REQUIRED ACTION: Output, exactly and in full, only the lines from the one containing "Lucha Bros Retain" to the last line of the data. Pictures should not appear.

SUPPLIED DATA:

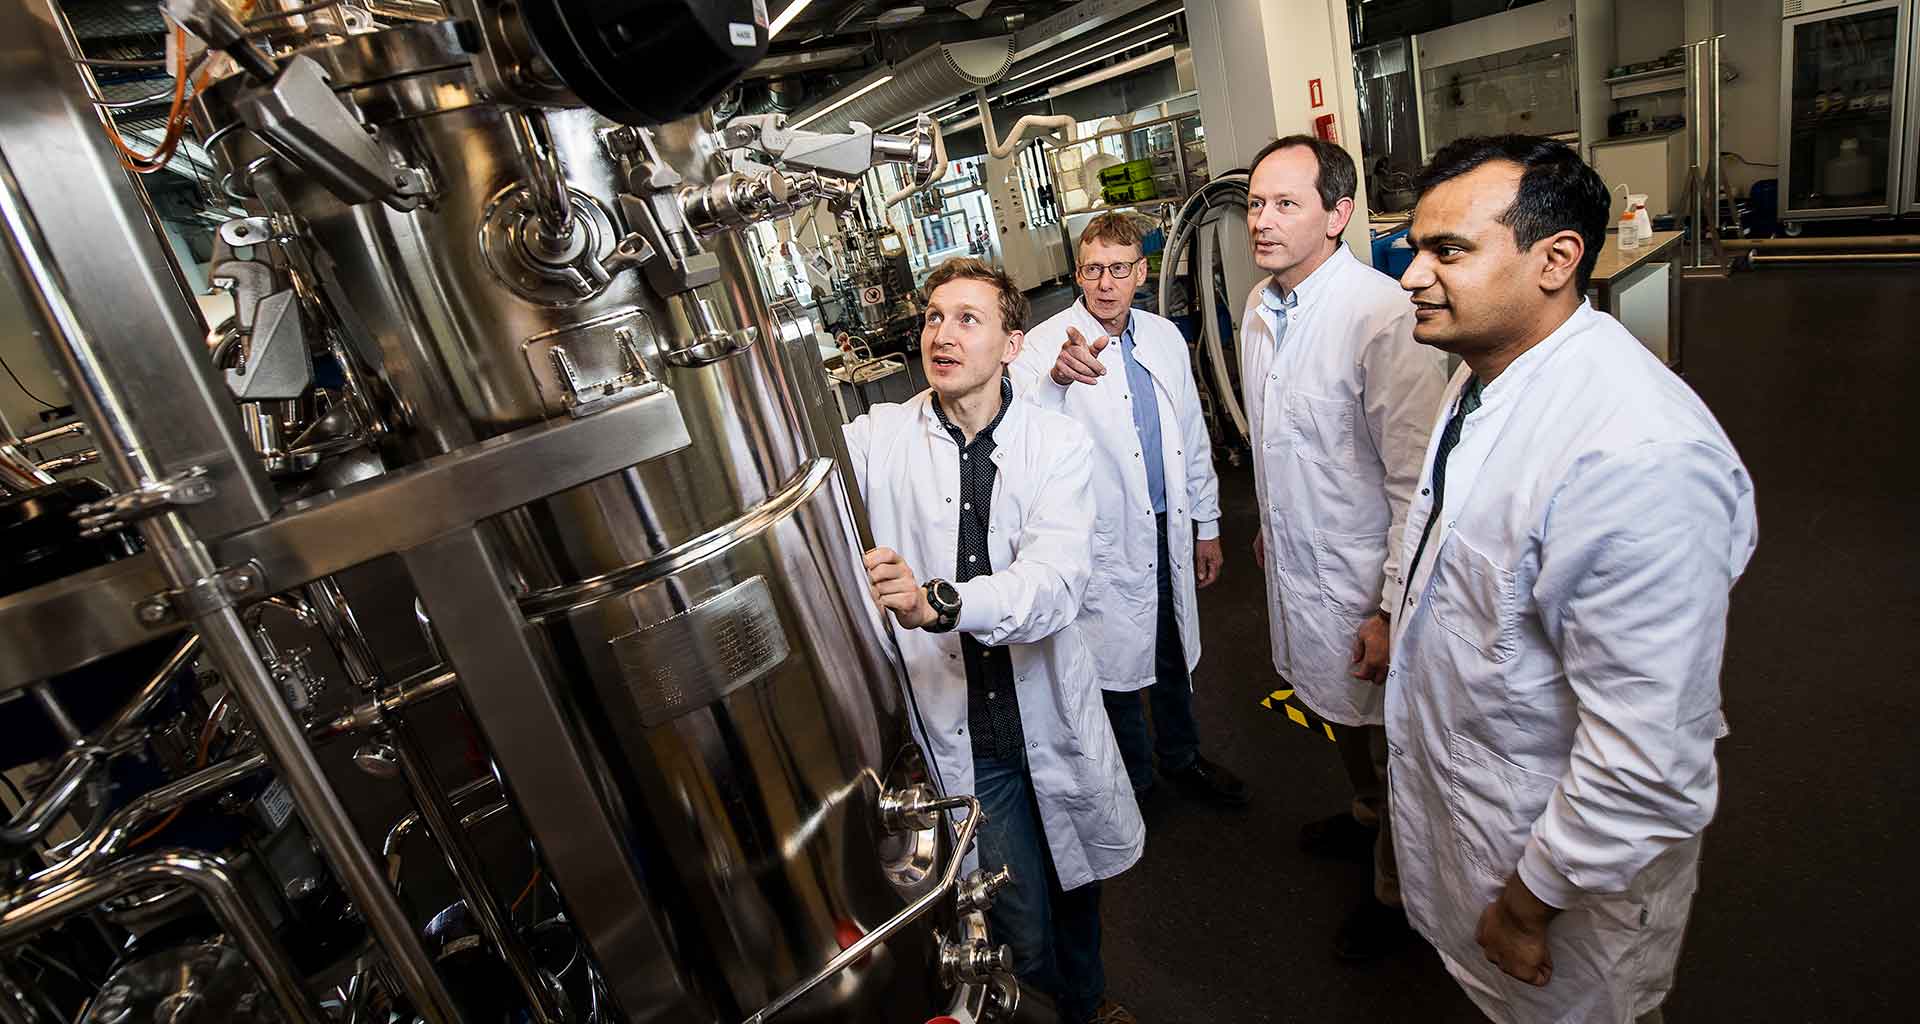 "Researchers in front of laboratory equipment at the Novo Nordisk Foundation Center for Biosustainability at DTU. Photo: Joachim Rode"
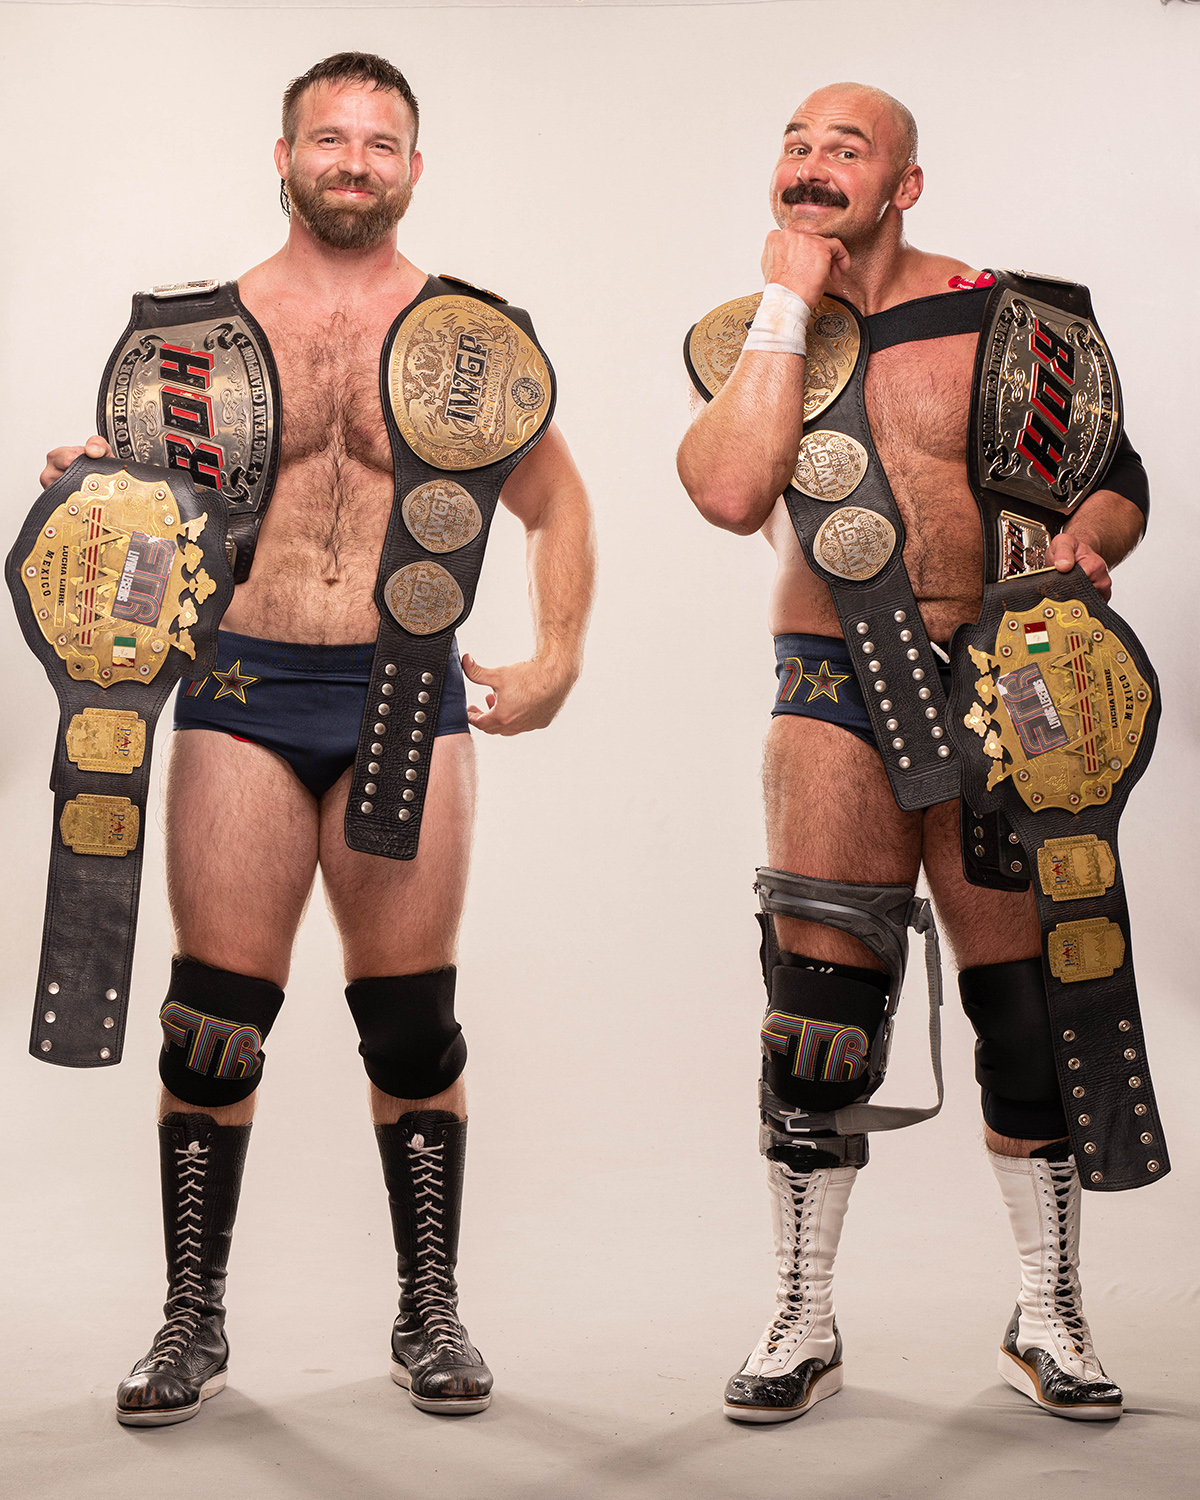 Lucha Bros Retain The ROH Tag Team Titles In The AEW Dynamite Main
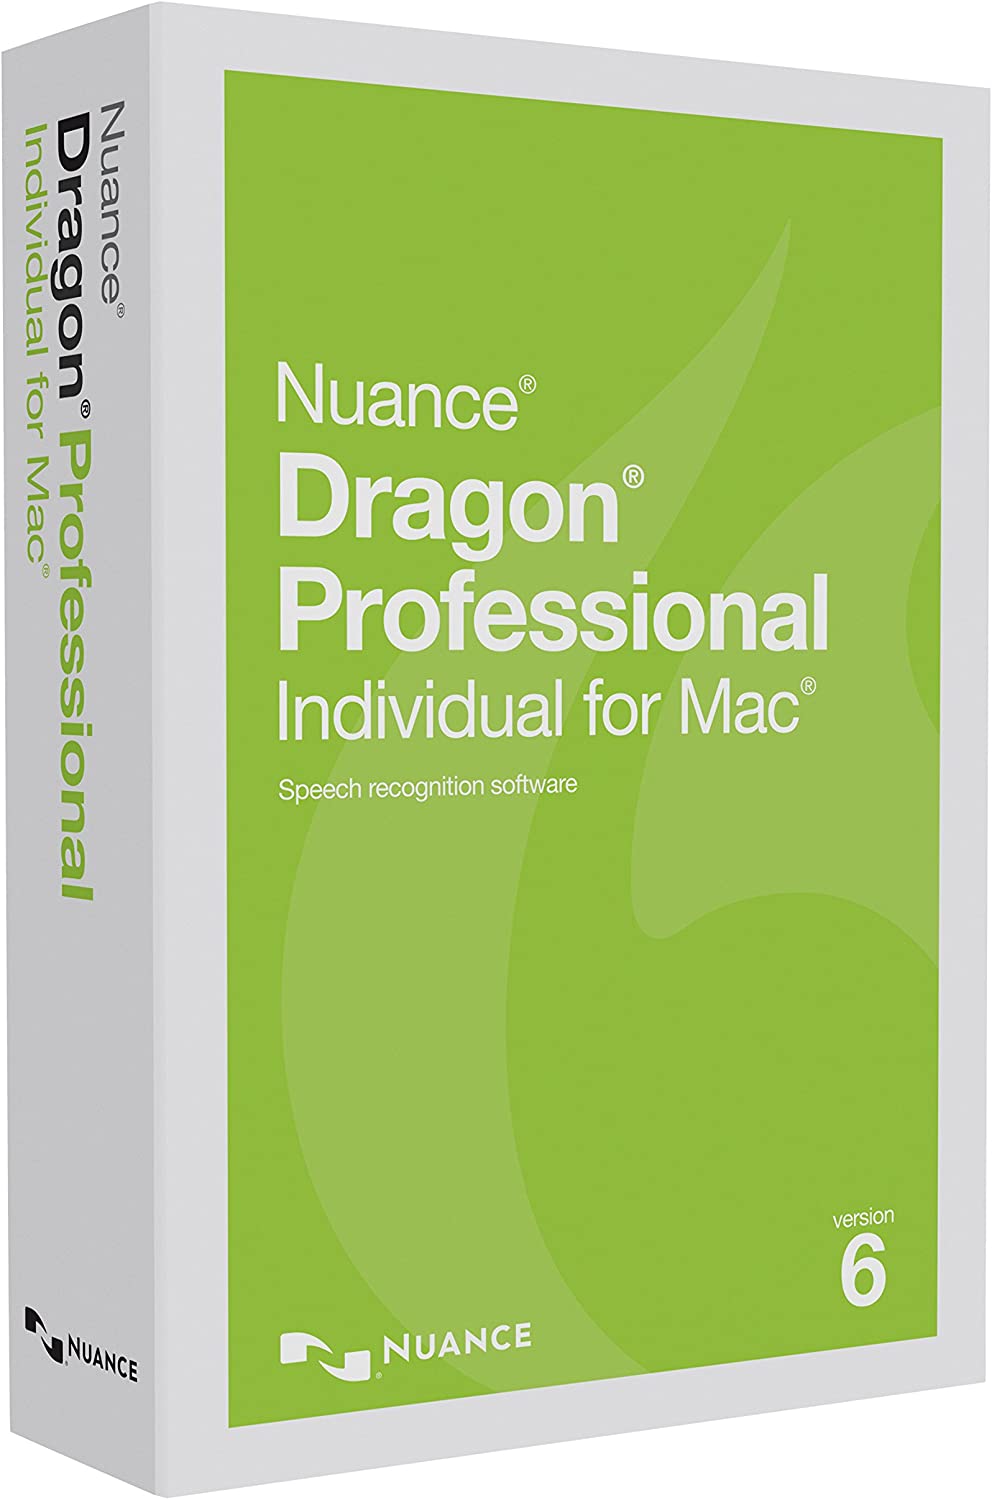 Nuance dragon professional individual 6.0 for mac download

RESPONSE TO THIS TASK:
 Lucha Bros Retain The ROH Tag Team Titles In The AEW Dynamite Main
 Nuance dragon professional individual 6.0 for mac download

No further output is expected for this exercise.